EXERCISE DESCRIPTION: Go through the records and report each line in which the word "Boots" occurs.

(Items listed in a dataset)
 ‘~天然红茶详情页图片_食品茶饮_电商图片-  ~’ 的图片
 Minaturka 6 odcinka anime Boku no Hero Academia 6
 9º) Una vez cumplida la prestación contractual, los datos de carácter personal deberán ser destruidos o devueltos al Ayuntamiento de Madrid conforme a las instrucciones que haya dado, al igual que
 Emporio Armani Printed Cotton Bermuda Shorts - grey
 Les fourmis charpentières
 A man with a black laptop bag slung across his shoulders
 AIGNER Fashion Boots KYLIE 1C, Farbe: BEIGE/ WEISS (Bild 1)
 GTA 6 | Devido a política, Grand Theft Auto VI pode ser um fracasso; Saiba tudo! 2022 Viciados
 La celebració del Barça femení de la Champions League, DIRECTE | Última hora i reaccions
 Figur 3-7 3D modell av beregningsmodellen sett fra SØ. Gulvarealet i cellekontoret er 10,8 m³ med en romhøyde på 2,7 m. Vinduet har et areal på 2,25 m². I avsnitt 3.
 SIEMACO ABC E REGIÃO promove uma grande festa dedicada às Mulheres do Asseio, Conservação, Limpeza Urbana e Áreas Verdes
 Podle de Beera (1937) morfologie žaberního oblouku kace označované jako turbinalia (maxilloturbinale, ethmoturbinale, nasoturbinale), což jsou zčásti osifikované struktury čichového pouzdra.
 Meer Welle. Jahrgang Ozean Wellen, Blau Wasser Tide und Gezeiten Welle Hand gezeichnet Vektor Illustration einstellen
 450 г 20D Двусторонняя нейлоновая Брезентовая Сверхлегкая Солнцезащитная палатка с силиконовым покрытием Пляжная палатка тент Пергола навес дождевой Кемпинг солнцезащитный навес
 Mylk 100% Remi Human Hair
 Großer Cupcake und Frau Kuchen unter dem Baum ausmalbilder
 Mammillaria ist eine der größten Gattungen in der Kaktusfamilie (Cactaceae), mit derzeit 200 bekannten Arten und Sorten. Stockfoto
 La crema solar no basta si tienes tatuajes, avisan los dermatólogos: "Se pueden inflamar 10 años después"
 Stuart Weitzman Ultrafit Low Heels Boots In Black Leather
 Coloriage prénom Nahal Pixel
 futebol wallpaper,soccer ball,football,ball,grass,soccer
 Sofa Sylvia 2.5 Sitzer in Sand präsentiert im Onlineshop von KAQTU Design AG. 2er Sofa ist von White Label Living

WRITTEN ANSWER:
 AIGNER Fashion Boots KYLIE 1C, Farbe: BEIGE/ WEISS (Bild 1)
 Stuart Weitzman Ultrafit Low Heels Boots In Black Leather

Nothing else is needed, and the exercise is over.